O MPE sustenta que no caso estão presentes duas qualificadoras –a do feminicídio e a do motivo fútil – uma delas poderá ser utilizada para qualificar a conduta e a excedente servirá para agravar a pena.
Segundo o MPE, no caso, o motivo fútil deveria ser utilizado para qualificar o crime, abrindo-se a possibilidade de aplicação da agravante contida no artigo 61, inciso II, f, do Código Penal na segunda fase da dosimetria.
Porém, o ministro do STJ João Otávio de Noronha, em decisão proferida em 02 de agosto deste ano, entendeu que a irresignação recursal não merece prosperar.

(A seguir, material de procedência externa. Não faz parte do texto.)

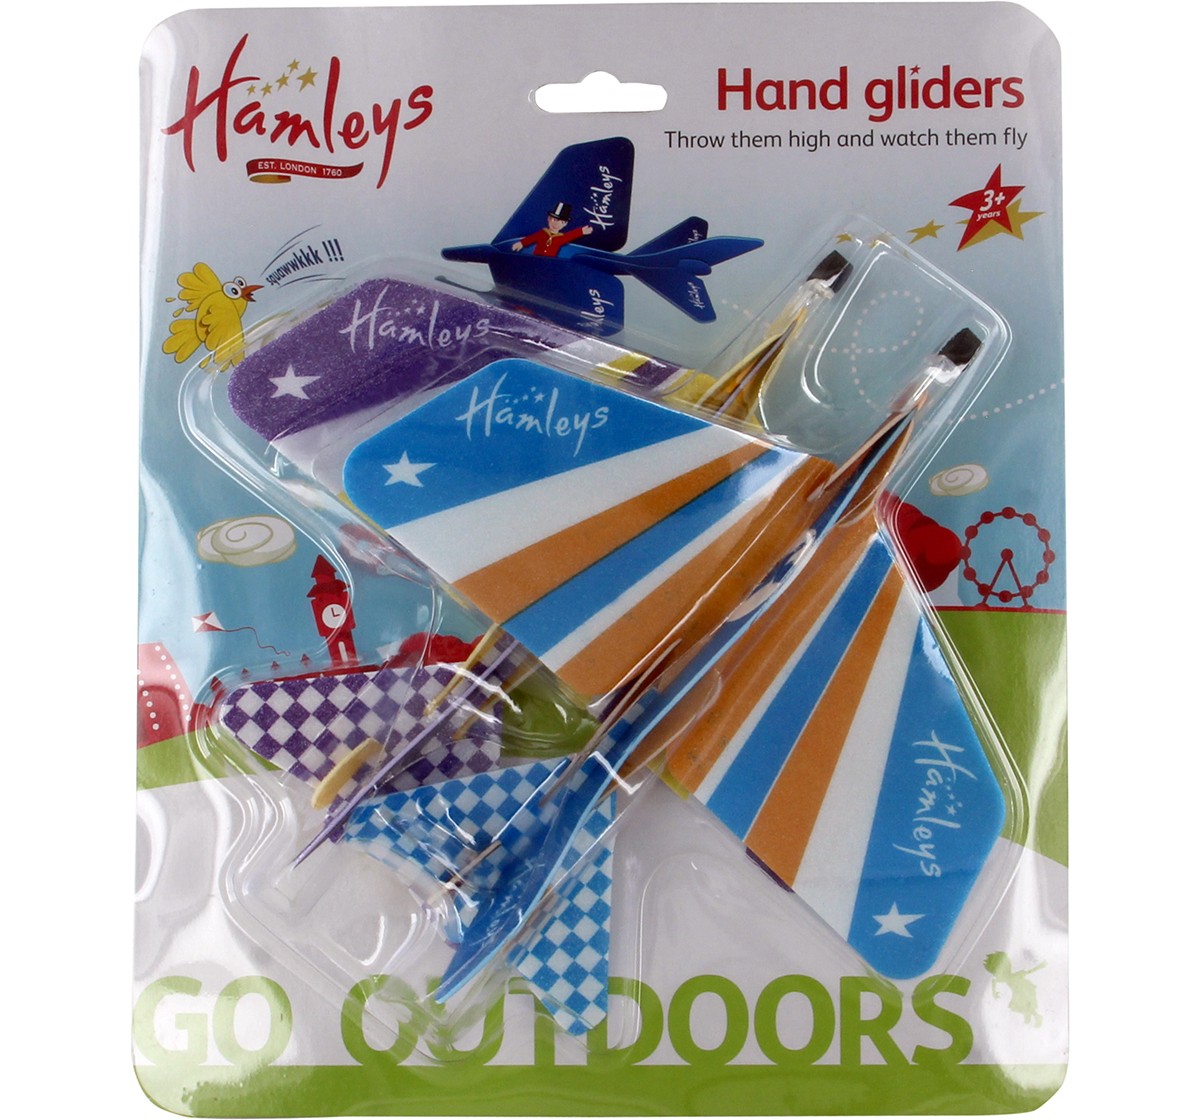  Hamleys Hand Gliders Plane Action Toy Games for Kids age 3Y+

“Colhe-se dos autos que o recorrido, após provimento parcial do recurso de apelação, restou condenado à pena de 34 anos e 6 meses de reclusão, em regime inicial fechado, pelos delitos de homicídio (duplamente) qualificado e aborto provocado por terceiro, em concurso material. Relativamente ao crime de homicídio, reconheceu-se que foi praticado contra mulher em virtude da condição de sexo feminino, circunstância utilizada para qualificar a conduta criminosa. Por essa razão, entendeu-se pela impossibilidade de utilizar a circunstância do artigo 61, II, f, do Código Penal para agravar a pena” cita trecho da decisão.
Conforme o ministro, o acórdão do TJMT é claro em afirmar que na segunda fase, o fato do homicídio ter sido praticado contra mulher em virtude da condição de sexo feminino foi utilizado para qualificar a conduta, de modo que o reconhecimento concomitante da agravante da violência doméstica, com a qualificadora do feminicídio, ofende o princípio do non bis in idem.
“Na hipótese vertente, no entanto, verifico que o fato de o crime ter sido perpetrado contra mulher em razão de gênero foi considerado para qualificar o crime, conforme se detalhou alhures, enquanto a futilidade foi utilizada para exasperar a pena-base” cita o ministro.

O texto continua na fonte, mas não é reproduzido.